Rake tasks for development and testing

I've created 3 rake tasks:

rake db:create:test
rake db:build
rake db:rebuild

The first creates your test database. The second, creates your
development database, migrates it, creates the test database and then
clones the development database to the test database.a

Lastly, the third drops your database (dev), creates it, migrates it,
and clones it for your test database.

For a few projects, I've gotten tired of doing: rake db:drop && rake
db:create && rake db:migrate && rake db:test:clone

link: http://dev.rubyonrails.org/ticket/10316

What do you guys think, +1's?

I recently had a long discussion with David Heinemeier Hansson. I was
a bit annoyed at the fact that rake db:reset was changed to use the
schema file.

Here is my explanation of how I use rake db:reset

I've been using rake db:reset mainly in the testing environment. Since
I do TDD, I usually don't create a migration all at once.
I write a test, generate the migration needed for the test to pass,
add the code, migrate, test passes. I refactor, write another test,
modify the migration, db:reset, write more code, test passes. I also
use rake:db:reset to make sure migrations won't break.

David made a good point saying that:

You're just iterating over one migration, which
db:rollback + db:migrate would deal with. I can sympathize with that
one. I just don't see the need to run ALL migrations again. Especially
not on production systems that might have hundreds of migrations.

I definitely get the point of verifying the current migration you're
working on. Perhaps something like db:regrate => [ db:rollback,
db:migrate ] would solve that case?

I was also annoyed by the change to db:reset, which is why I then wrote
rake db:rebuild. I mainly use it when I'm in the early stages of
development and my migrations are going through some changes. I could
rollback to and then migrate back up, but I just prefer the short syntax
of db:rebuild.

rake db:test:clone clones your test database from your schema (same as
rake db:reset - from schema)

I prefer to have a test database up from the get go (which is why I have
it in rake db:build) and when I remigrate.

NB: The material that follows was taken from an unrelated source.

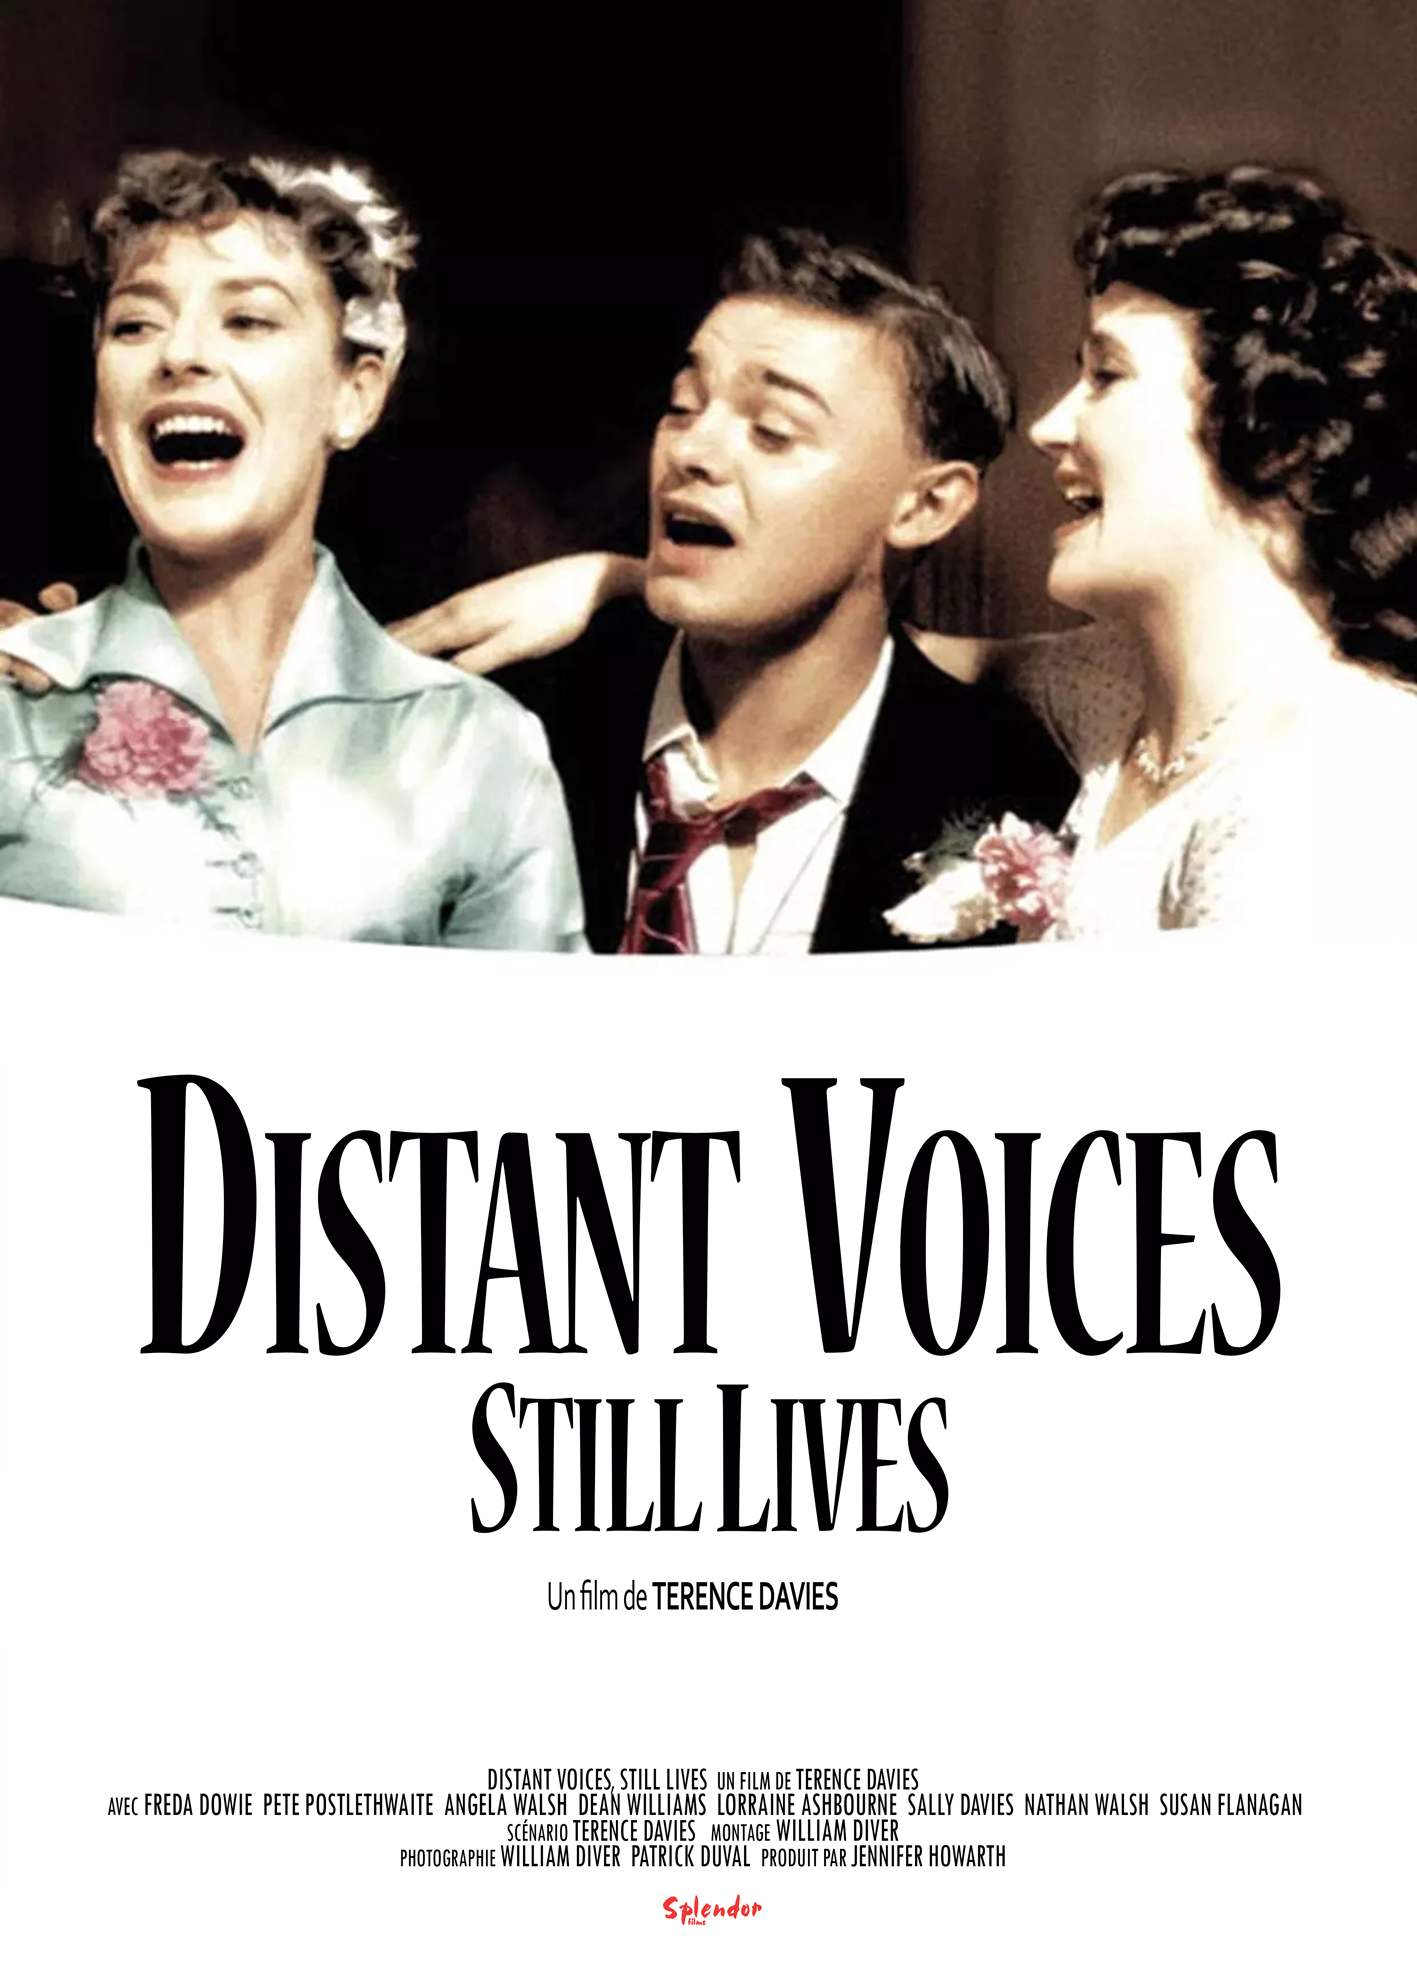 Distant voices still lives

The reason I prefer migrations over the schema is that I usually have
some data in my migrations, e.g. admin user, that I'd like to have
setup. I'm sure I'm not the only one who has some data in the
migrations.

The rake db:create:test came about because I wanted to have rake
db:build and have my test database setup(with the current schema). You
can't do rake :build => ["rake db:create RAILS_ENV=test"], it will fail
and rake db:create:all will create all databases defined in your yaml
file - I didn't want that either.

Those were my reasons why these came about and why I've been using them
for a while now. Am I missing something or doing something here that
shouldn't be done?

Matt Aimonetti wrote:

I'm not sure I exactly follow Robert's use cases, but I sympathize
with the frustration with schema.rb versus migrations. Check out this
thread for a similar discussion:

http://groups.google.com/group/rubyonrails-core/t/d871469cb2a6589a?hl=en

The highly-specific use cases for Robert's patch will make it tough to
be accepted, but I do believe there is hope for some migration support
in test. There are a lot of people blogging (and raising tickets like
8389) about wanting to use migrations to build test. If that happens,
at least some of the infrastructure for Robert's use cases will be in
place.

Matt, your conversation with DHH sounds like it touched on migrations
versus schema dumper. I'd love your thoughts (or David's!) on the
subject of migrations for building the test DB.

-Chris

Matt, your conversation with DHH sounds like it touched on migrations
versus schema dumper. I'd love your thoughts (or David's!) on the
subject of migrations for building the test DB.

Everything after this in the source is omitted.